Microfinance has had its share of PR problems lately. Following the release of the results of two randomized control trials last year, a Boston Globe article carried the subheading "Billions of dollars and a Nobel Prize later, it looks like ‘microlending’ doesn’t actually do much to fight poverty." This was followed by a controversy over the microlending site Kiva, prompted by some incisive blogging by David Roodman, a fellow at the Center for Global Development. Roodman pointed out that Kiva does not actually facilitate loans to individual entrepreneurs but to microfinance organizations, and Kiva subsequently updated its website to be more clear about this point. And to complete the triumvirate, an article yesterday in the New York Times blared that Banks Making Big Profits from Tiny Loans, raising once again the debate around the commercialization of microfinance.
The microfinance industry has taken notice, and has started to push back, particularly against the media coverage of the randomized control trial studies. A group of six practitioner networks (including the Grameen Foundation) recently issued a statement that questions some of the premises of the studies. As usual, Roodman has the money analysis of the statement on his blog. Rich Rosenberg over at CGAP also adds his take on the statement. He concludes:
But let’s be straightforward here. The main value proposition put forward on behalf of microcredit for the last quarter century is that it helps lift people out of poverty by raising incomes and consumption, not just smoothing them. At the moment, we don’t have very strong evidence that this particular proposition is true, and I don’t think we should be putting out public relations material that fudges the issue or suggests that we do have such evidence.

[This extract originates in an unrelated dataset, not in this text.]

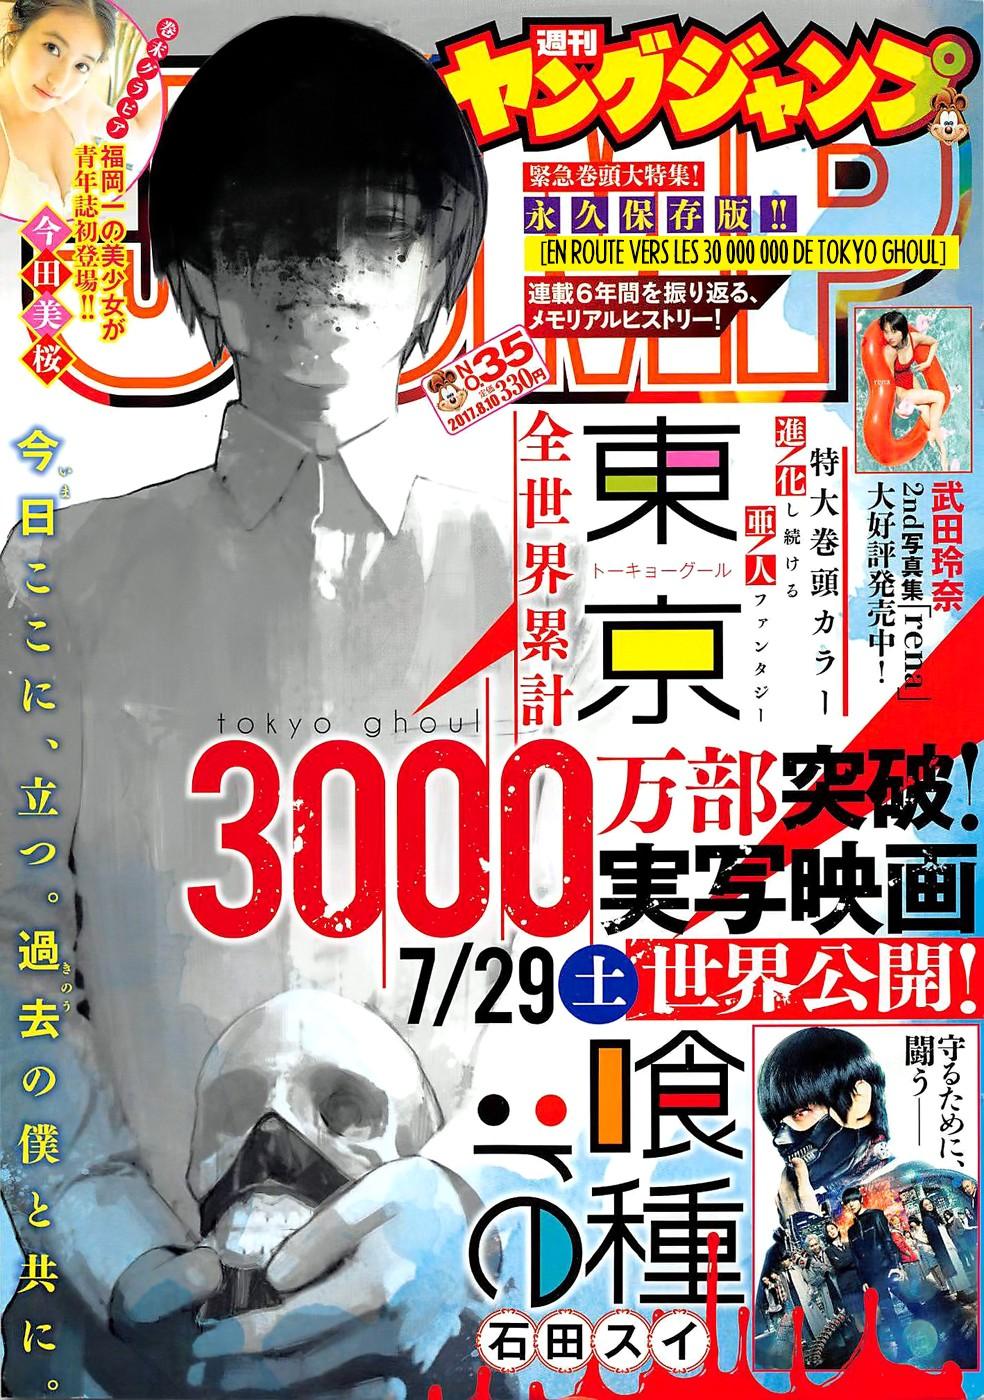 Lecture en ligne Tokyo Ghoul Re 134 page 1

But this begs the question - what are MFIs to do in the (potentially temporary) absence of compelling evidence? Should they simply throw up their hands and give up? Or should they insist on explaining the benefits of consumption smoothing to a general audience? (Don't get me wrong, I think consumption smoothing is probably on its own a great argument in favor of microfinance, but I can just imagine most people's eyes glazing over once they hear that term.)
My modest suggestion is that MFIs need to do a better job at storytelling. In his post, Roodman is quite critical of the MFIs' reliance on a selective set of success stories. Indeed, the statement devotes nearly a full page to six success stories, all of individuals who took out microloans and successfully invested the money in starting or expanding microenterprises. Roodman is correct that these stories are simply anecdotes that never amount to hard evidence. But I seriously doubt the public-at-large will ever be able to appreciate the debates around the merits and pitfalls of randomized control trials. Thus, MFIs are obliged to fall back on storytelling, at least in their dealings with the general public.
But instead of rehashing the same stories (all but one of the six stories in the MFIs' statement were about women, and all were about microentrepreneurs), MFIs should tell more stories that are consistent with the wide variety of microfinance initiatives. Surely, there must be more compelling stories about men investing in businesses and sending their kids to school. And it is easy to imagine the beaming faces of individuals who have used microsavings products and saved up for a big purchase like a motorbike. Or farmers who took out microinsurance and benefitted when a streak of bad weather came along. Even consumption smoothing could be a compelling story if a microloan helped someone get through the hungry season. Of course, all of these stories would still not make it over Roodman's quantitative stick, but it just might help make the dialogue a little more honest in the future.